Concluímos que qualquer estudo que se realize, não poderá aspirar a ser

abrangente se não interagir com outras matérias e outros estudos, e que muito especialmente,

os estudantes de artes musicais (matéria tão intimamente ligada a inúmeras outras) jamais

poderão ter uma visão panorâmica de sua arte, se não procurarem realizar estas interseções,

e/ou se não forem instigados a fazê-lo por professores capacitados.

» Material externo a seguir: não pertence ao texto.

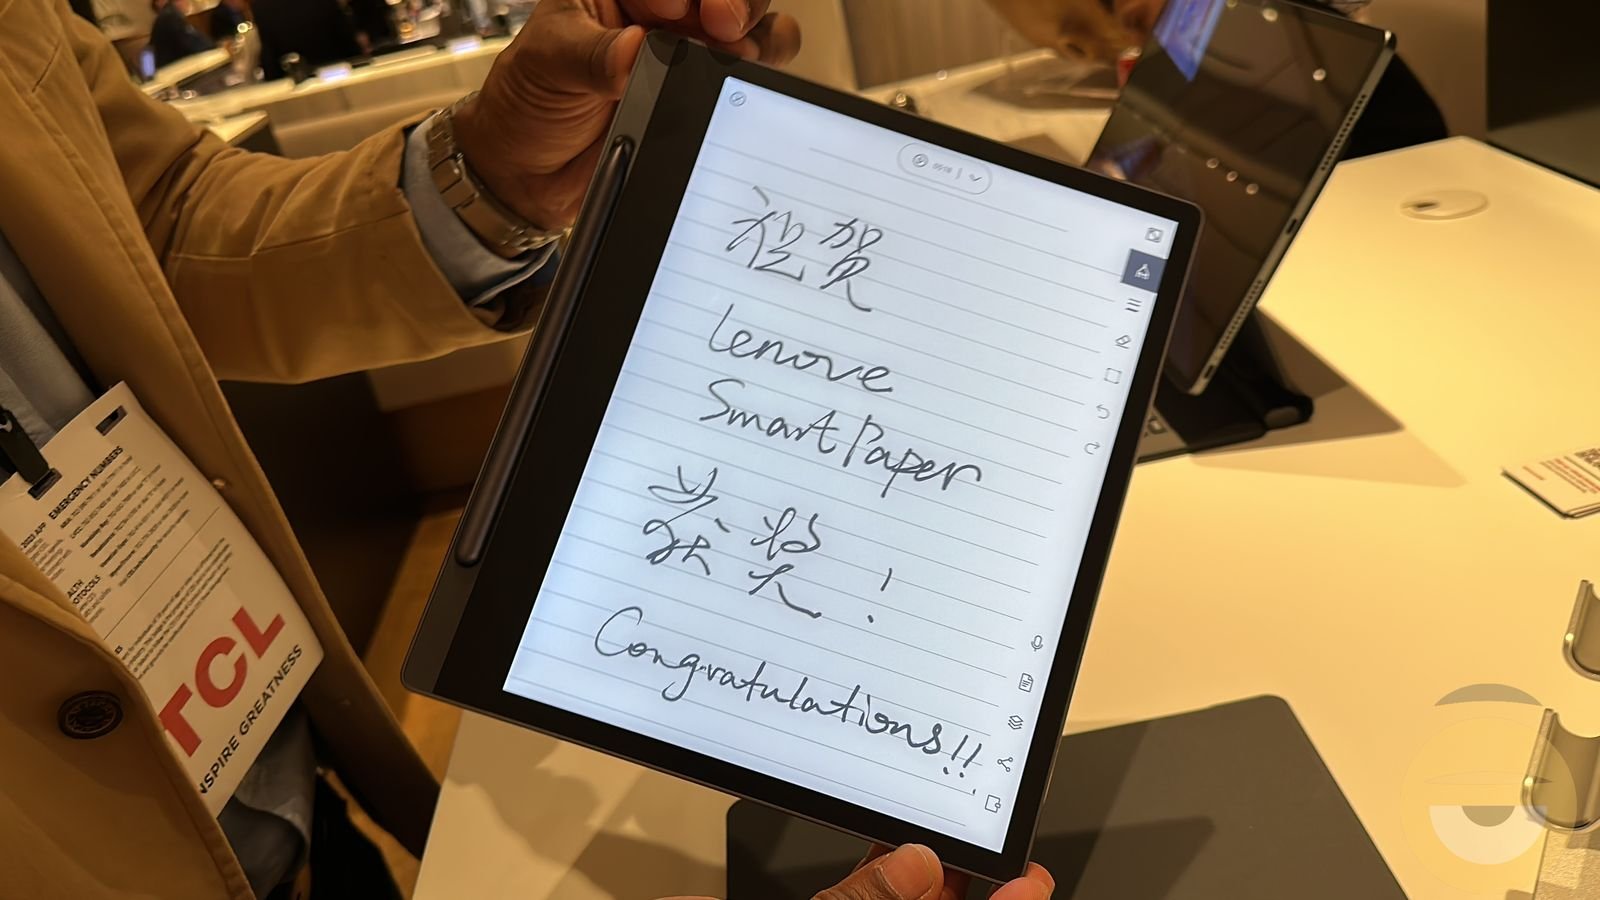 Το δικό της ψηφιακό σημειωματάριο με e-ink παρουσίασε η Lenovo, το Smart Paper

Devemos relembrar que cultura é um termo amplo que está vinculado a inúmeros

conceitos e concepções distintas e que todas as suas formas devem ser valorizadas sem

preconceitos. Que esta cultura não é estática e a modernidade sempre traz consigo novas

abordagens e novas tendências que devem ser analisadas e entendidas a partir de

conhecimentos anteriores.

Finalmente, que para que esta forma ideal de ensino e de entendimento da cultura

venha a se estabelecer e se traduzir em agente modificador e incentivador do crescimento

intelectual e cultural dos indivíduos, nossas escolas e nossos professores devem estar

amparados pela efetivação das previsões que constam das resoluções das leis da educação e

adequadamente preparados para realizar uma docência adequada e diferenciada.